Résumé

Théodore Aynard Tableaux généalogiques des familles Aunard et Jordan-Dugas avec notes préliminaires (1892)

Par ces lettres patentes de 1777, Jean-Baptiste Dugas, l'aîné, et son frère Jacques, sont déclarés nobles, eux et leurs descendants, masculins et féminins, à perpétuité, avec le droit aux armoiries, telles qu'elles sont réglées et blasonnées par le sieur d'Hozier de Serigny, juge des armes de France : Coupé au premier de gueules avec deux épées en sautoir d'or ; au deuxième d'azur à un arbre d'or.
Le roi dit d'une manière positive qu'il veut que la noblesse de J.-B. Dugas passe à sa postérité.
Source : Gallica

Théodore Aynard Tableaux généalogiques des familles Aunard et Jordan-Dugas avec notes préliminaires (1892)

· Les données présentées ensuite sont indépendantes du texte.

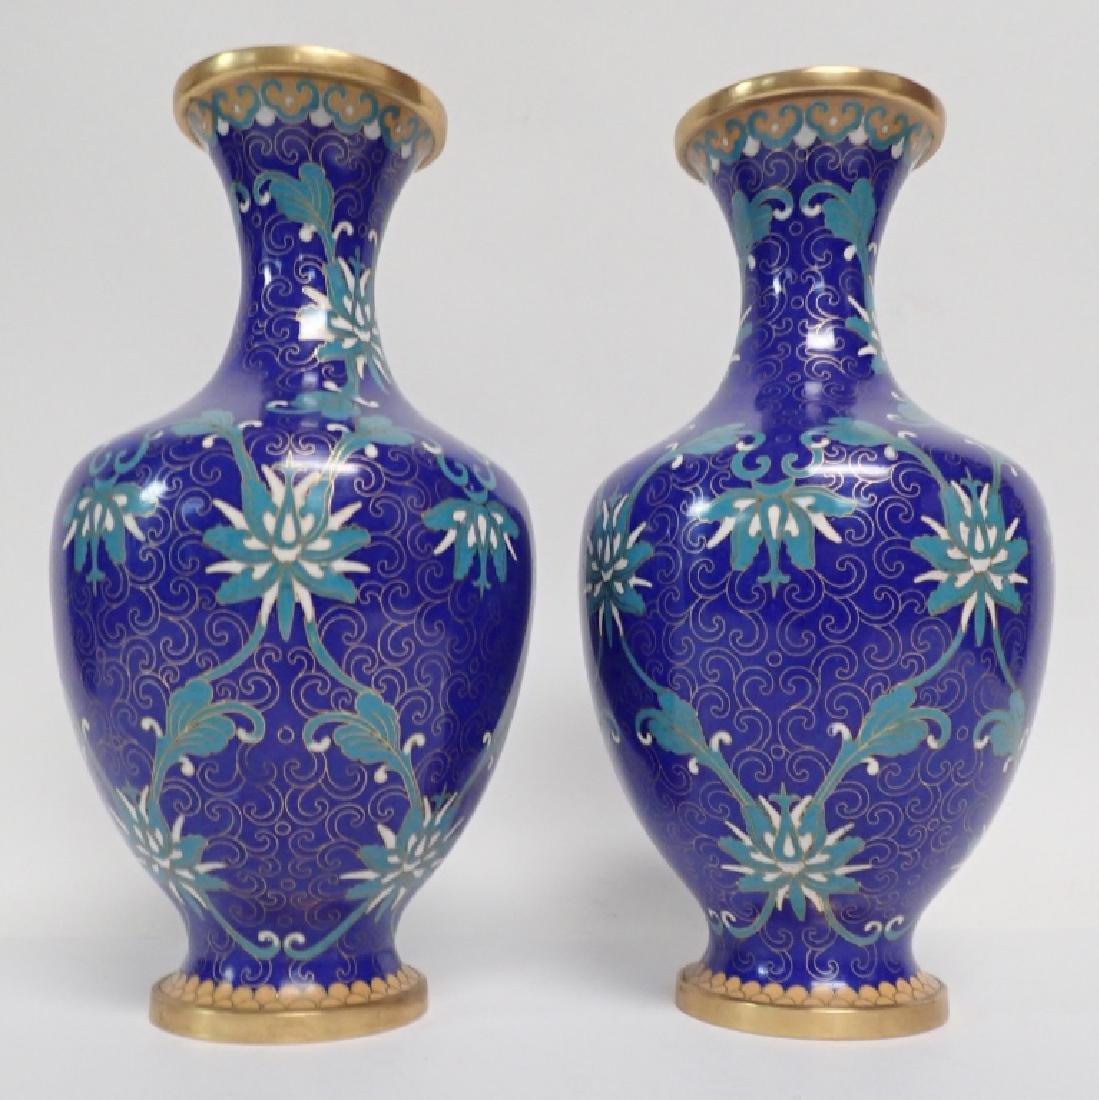 Vintage Asian Cloisonne Vase Pair - 2

M. Tolozan de Montfort, prévôt des marchands, ayant fait construire la magnifique maison qui porte son nom et qui plus tard l'a donné au Port Saint-Clair, vint l'habiter avec sa famille et trouva que les foulons de M. Aynard l'empêchaient de dormir.
Alors comme dans la fable du loup et de l'agneau, la raison du plus fort fut... la plus forte et la suppression des foulons fut décidée.
Il en résulta un procès qui n'a jamais été définitivement jugé; la Révolution laissa la chose en suspens, faisant disparaître l'usine et son propriétaire, le persécuté et le persécuteur.
Source : Gallica

Théodore Aynard Tableaux généalogiques des familles Aunard et Jordan-Dugas avec notes préliminaires (1892)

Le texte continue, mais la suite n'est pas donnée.